> Work instruction
Reproduce each line below precisely. Drop the pictures.
BEGIN Input data
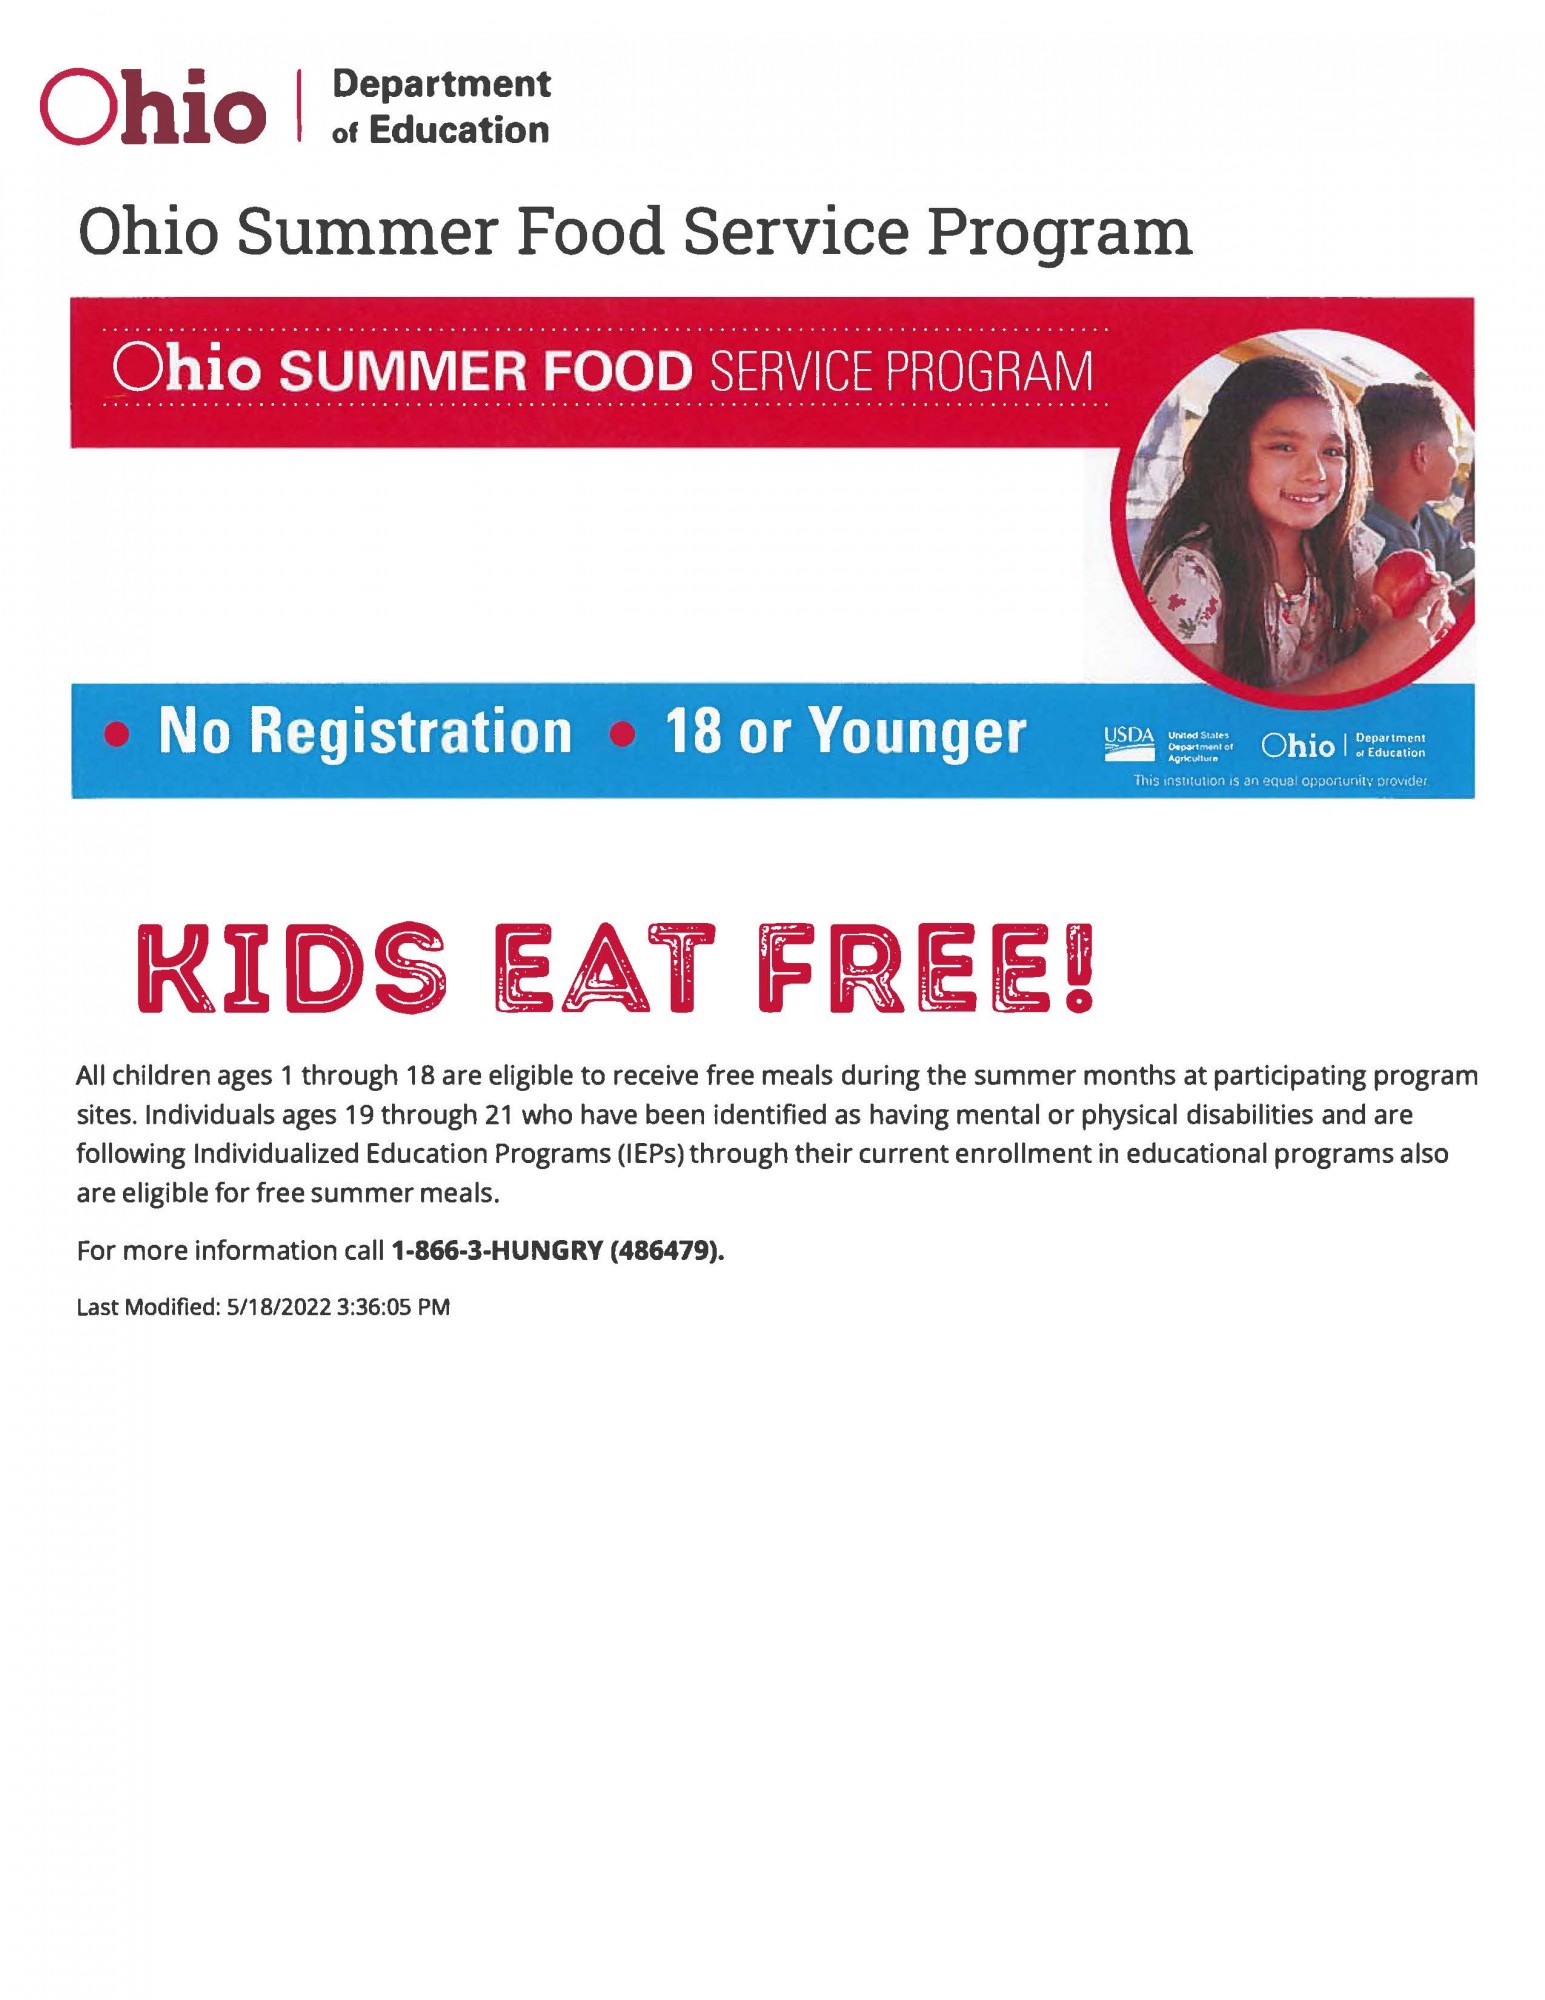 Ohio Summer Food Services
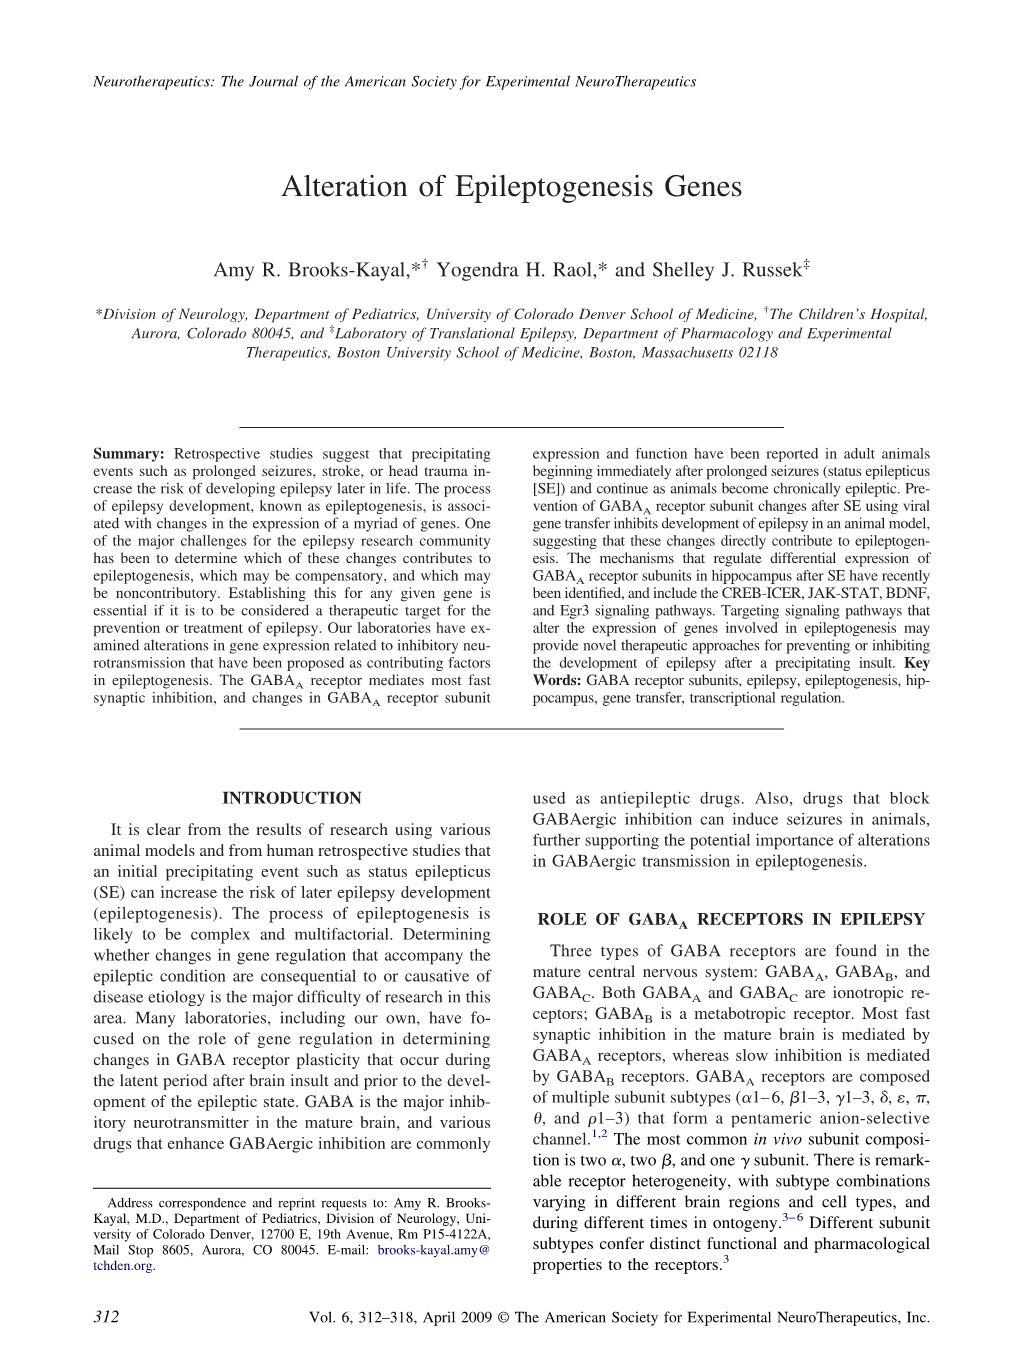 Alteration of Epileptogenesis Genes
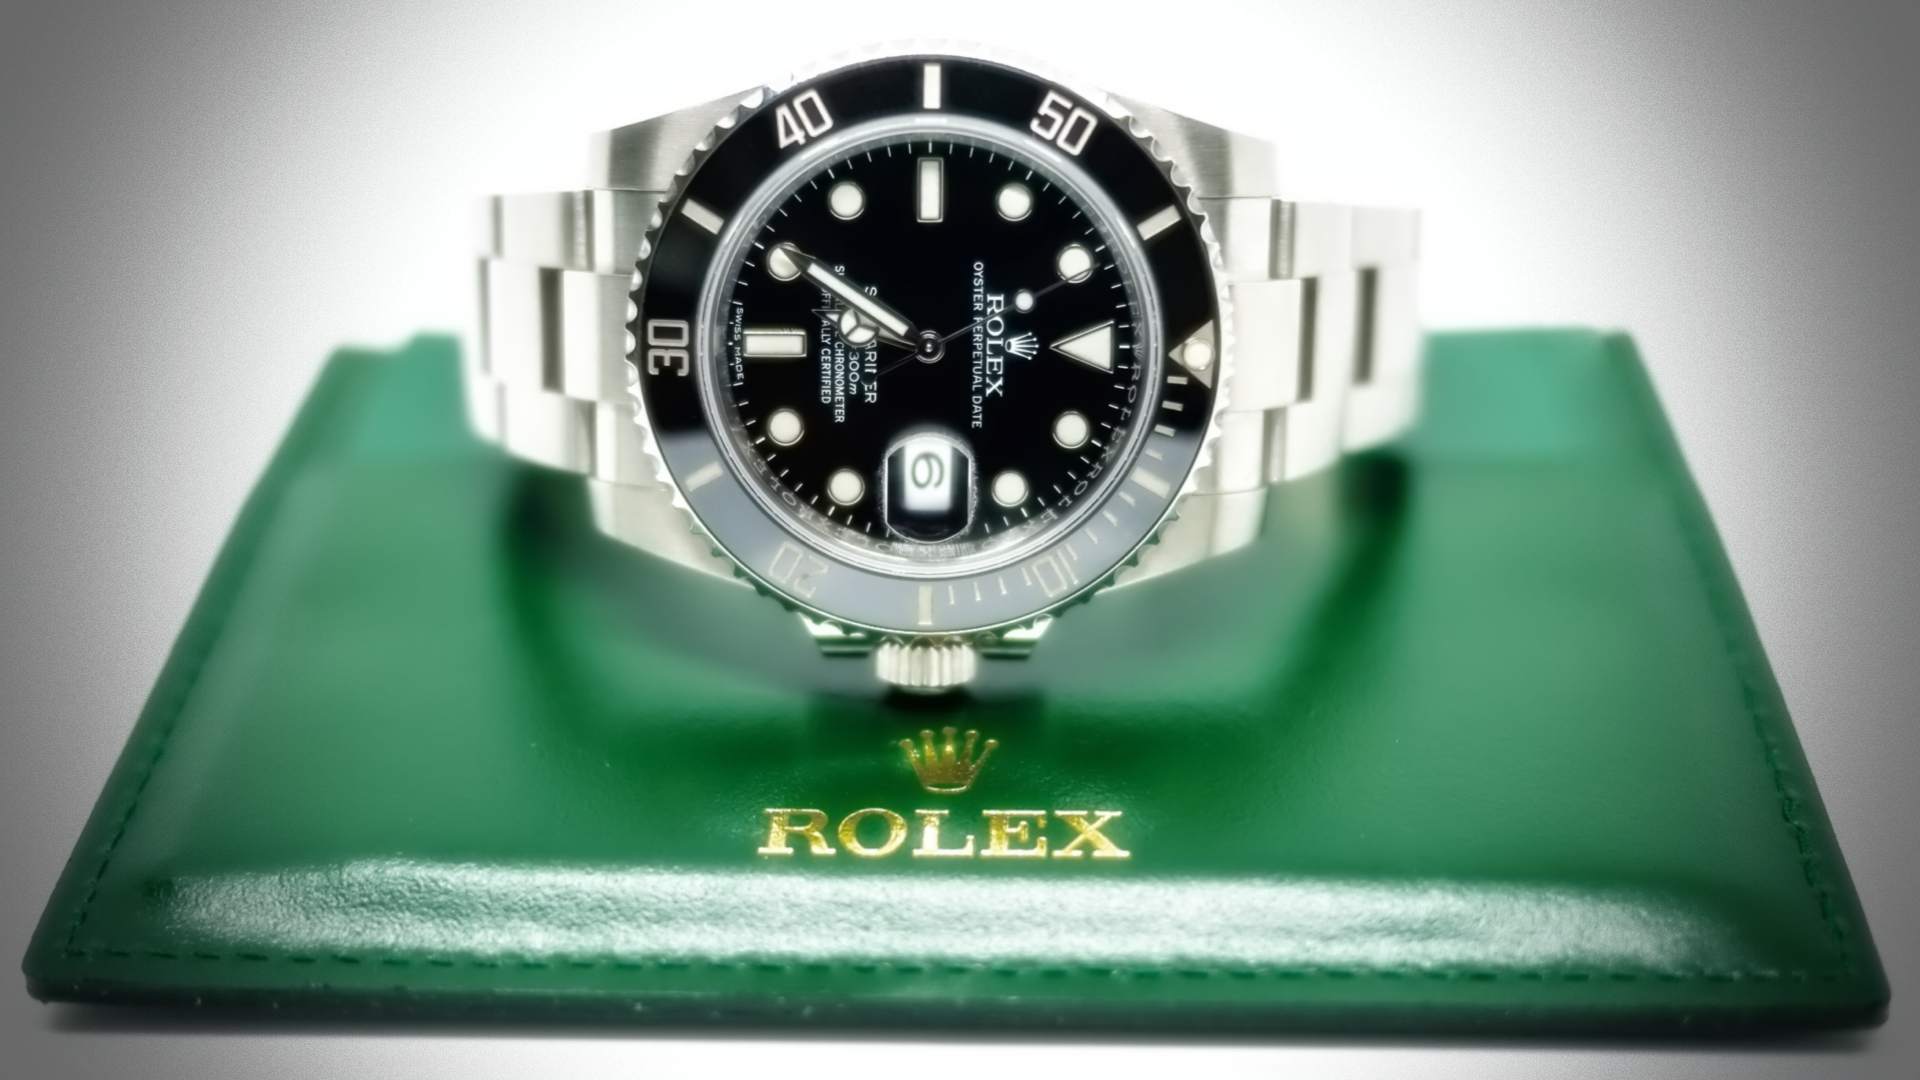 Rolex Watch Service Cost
END Input data
> Result for this exercise
 Ohio Summer Food Services
 Alteration of Epileptogenesis Genes
 Rolex Watch Service Cost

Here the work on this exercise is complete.